The city rushed to fill the fracture between the two regions from where the wall once stood. The Postdamer Platz is the most reflective realisation, it was needed to resolve the issue of bringing a metropolis life back into the area where it had been dead for years. It was realised with the most prestigious architects: Renzo Piano, Richard Rogers and more. Today its transformed into a new urban centre, with leading companies like Sony, have settled their headquarters in the futuristic and aesthetically pleasing buildings.

Hundreds of architects from around the world participated in the project to help in the construction and redevelopment of the new chancellery and the Reichstag, respectively. The Reichstag development was commissioned to the British Architect Sir Norman Foster who in his own right is a master of architecture, he crowned the building in a majestic glass façade (dome).

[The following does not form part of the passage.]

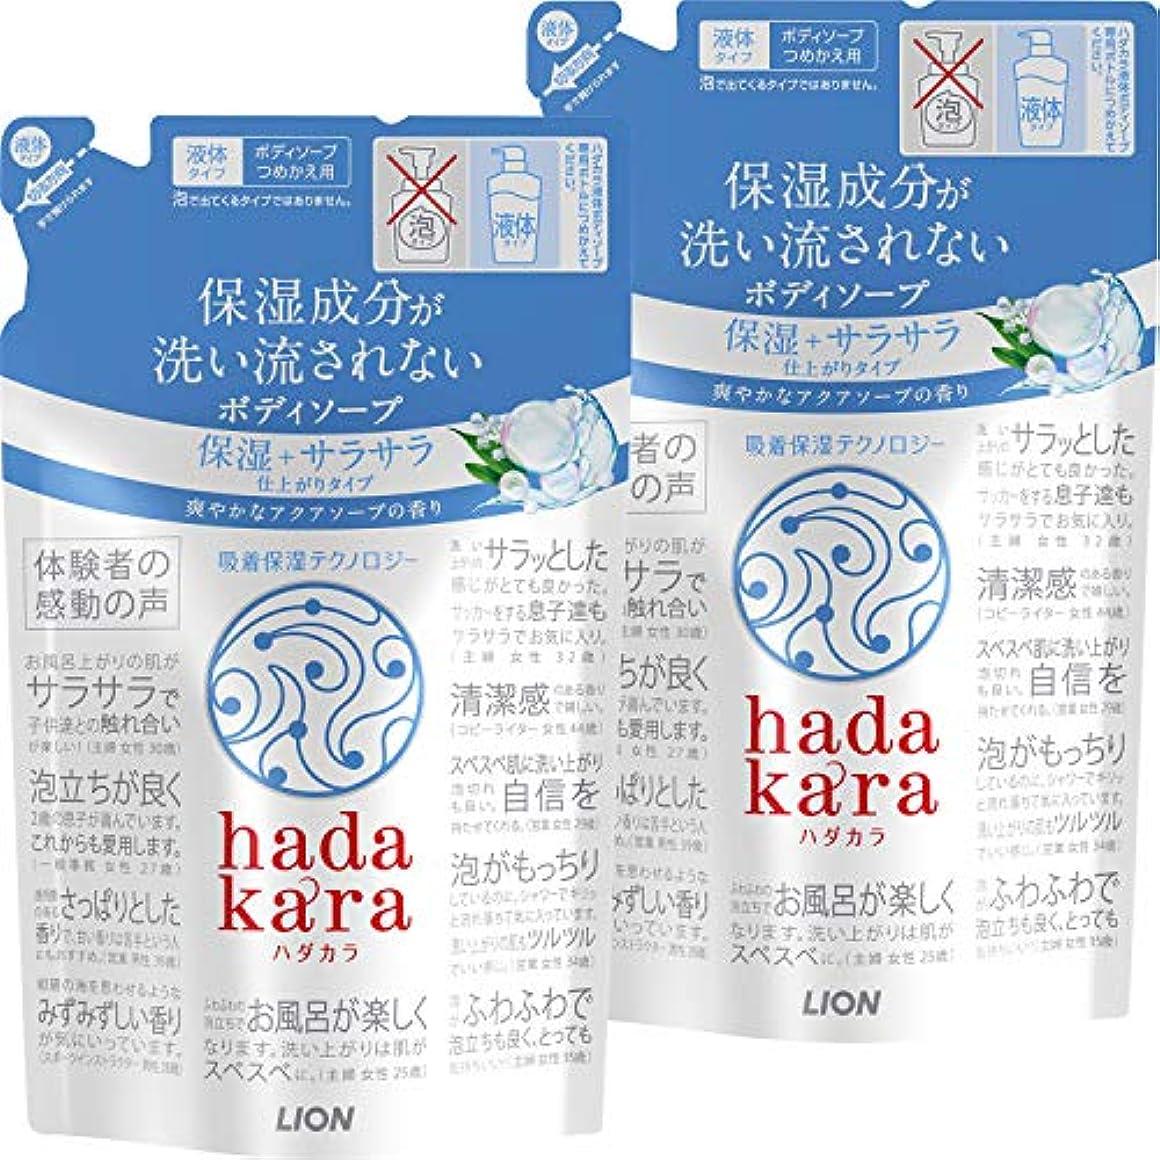 独立した池曖昧な【まとめ買い】hadakara(ハダカラ) ボディソープ 保湿+サラサラ仕上がりタイプ アクアソープの香り 詰め替え 340ml×2個パック

It’s is clear that architecture in Berlin has no doubt been influenced by a number of political regimes that has left its mark on the city. For example, during the Kaiser’s regime they used architecture to show the increasing military strength and confidence and didn’t hesitate to demolish historical vintage buildings in the process. Whereas, during the Weimar republic the architecture was perceived differently. It was less of a reflection of political power and more about the expression of society. I think Bauhaus was the best reflection of this era with its free thinking movements. But Berlin is a city that simple will not give up, a succession of new and old buildings keeps appearing, they acknowledge rather than deny their history.

Nearly thirty years after the reunification of Berlin, and it still continues; it seems to be far more challenging to achieve than previously thought. Which comes as no surprised, especially, for the cultural and political policy the past thirty years have seen huge transformations. And to have two separate cultural and political infrastructures that need to combine, can come with some challenges. The people of the East and West were socialised in such different ways that in hindsight the integration would be swift was idealistic. But I don’t think it’s impossible, I think after another generation Berlin will truly be unified once again. The history is too new – too raw. However, with enough time in between historical events bridges could ‘be built’ and new Berlin will become the metropolis that it deserves to be.